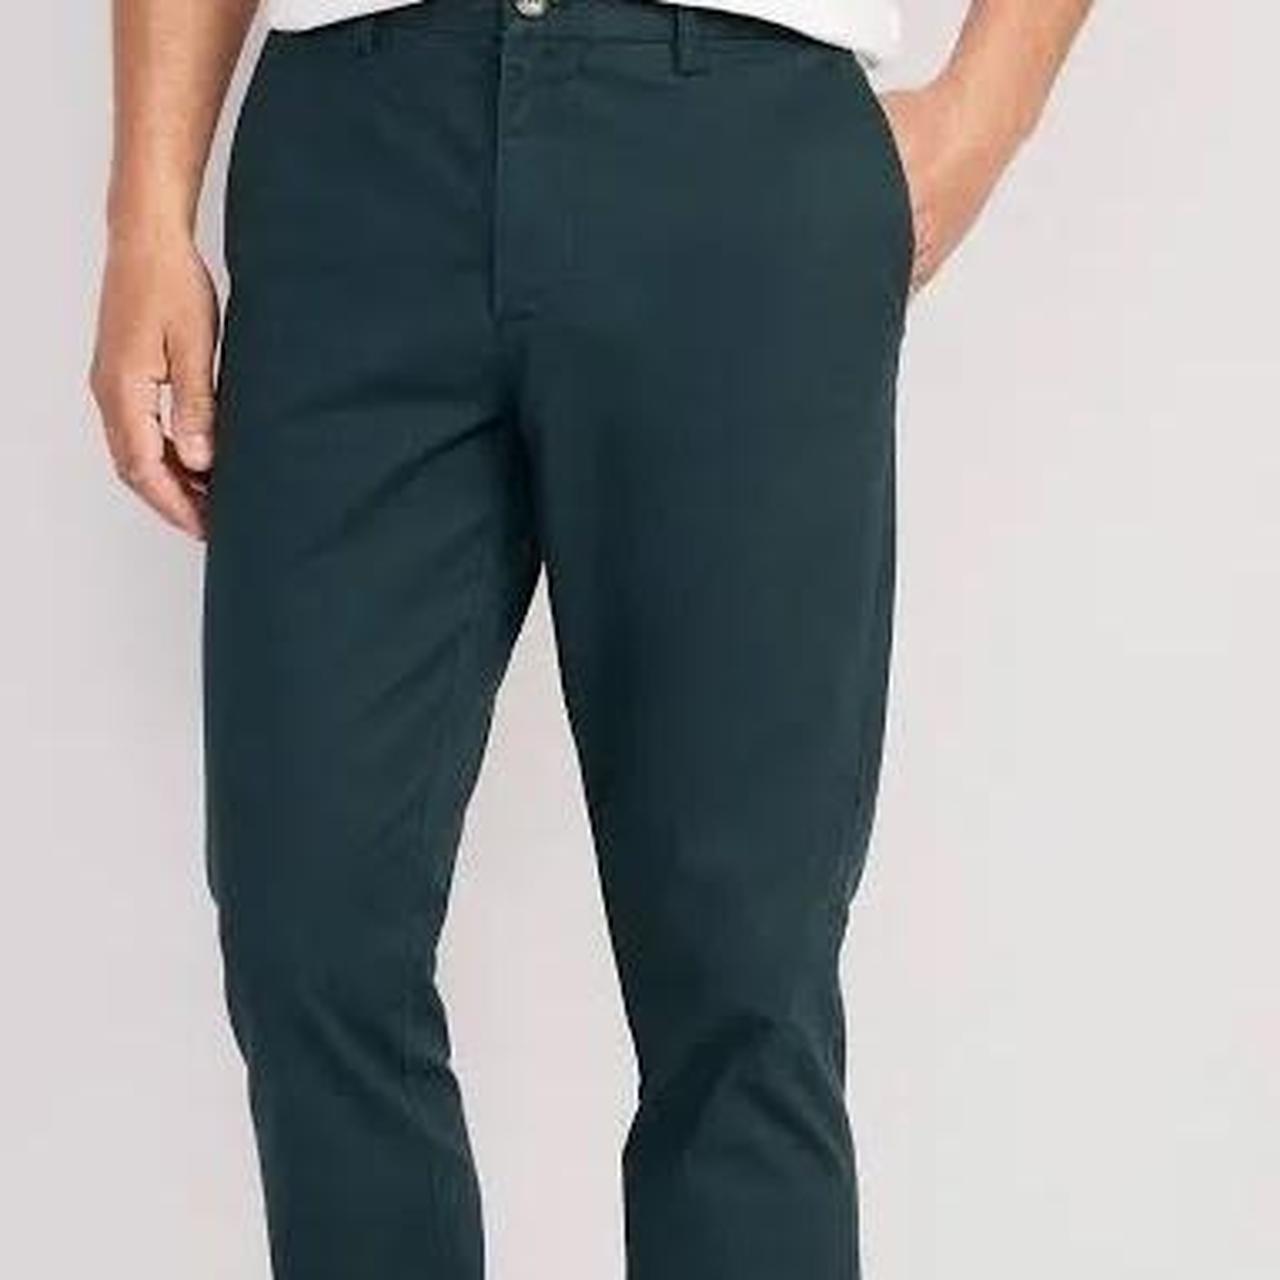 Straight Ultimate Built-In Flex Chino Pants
::::::::::
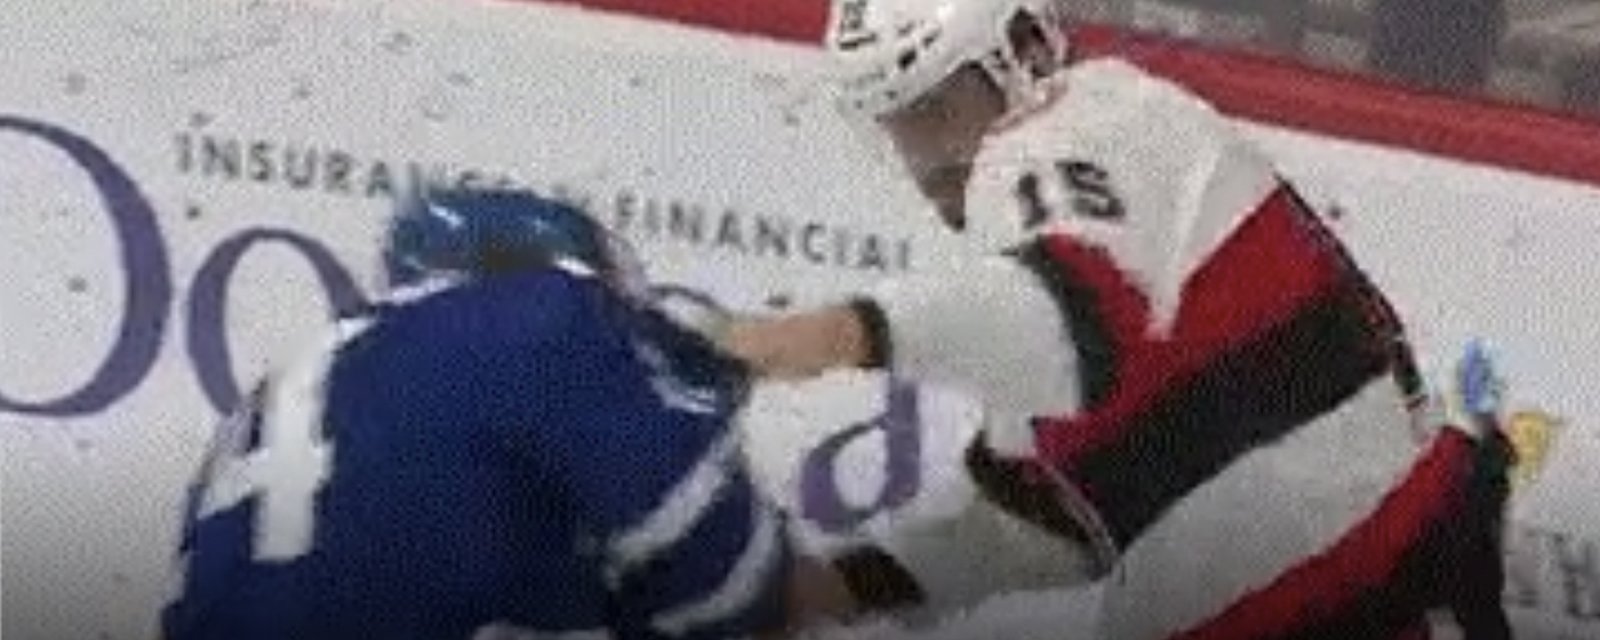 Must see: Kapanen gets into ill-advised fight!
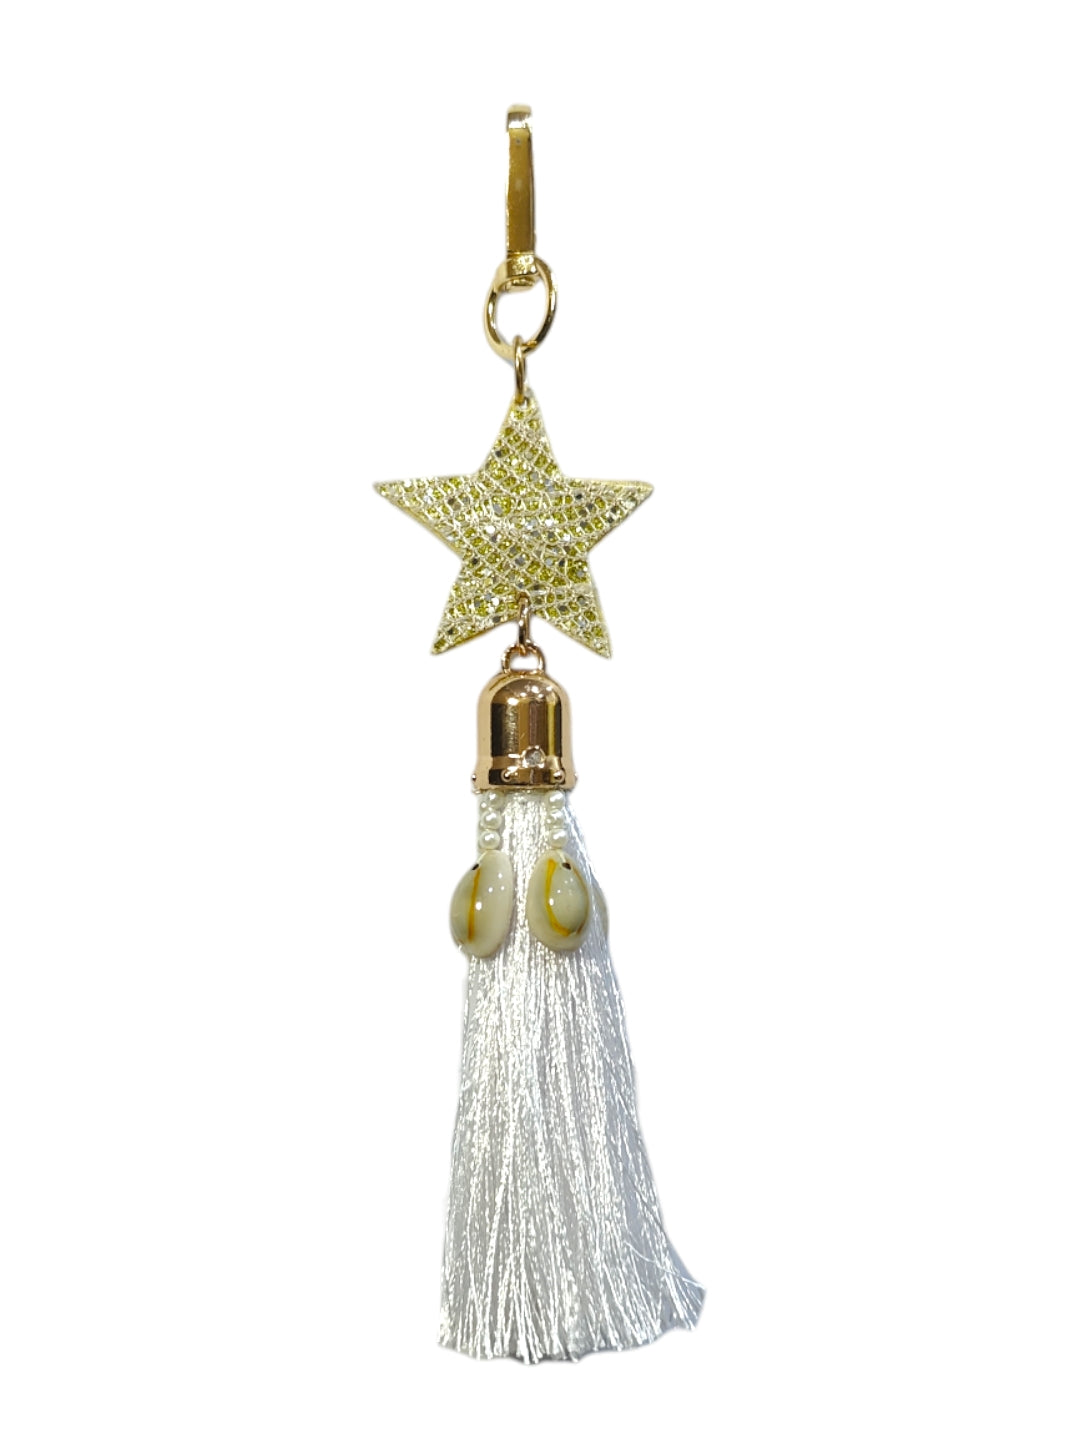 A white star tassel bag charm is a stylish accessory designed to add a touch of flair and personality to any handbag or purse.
::::::::::
### About this task
Only one stretch of the listing is wanted: the lines starting at the one with "Must see: Kapanen" and ending at the one with "A white star", copied exactly and free of pictures.

### Exercise result
 Must see: Kapanen gets into ill-advised fight!
 A white star tassel bag charm is a stylish accessory designed to add a touch of flair and personality to any handbag or purse.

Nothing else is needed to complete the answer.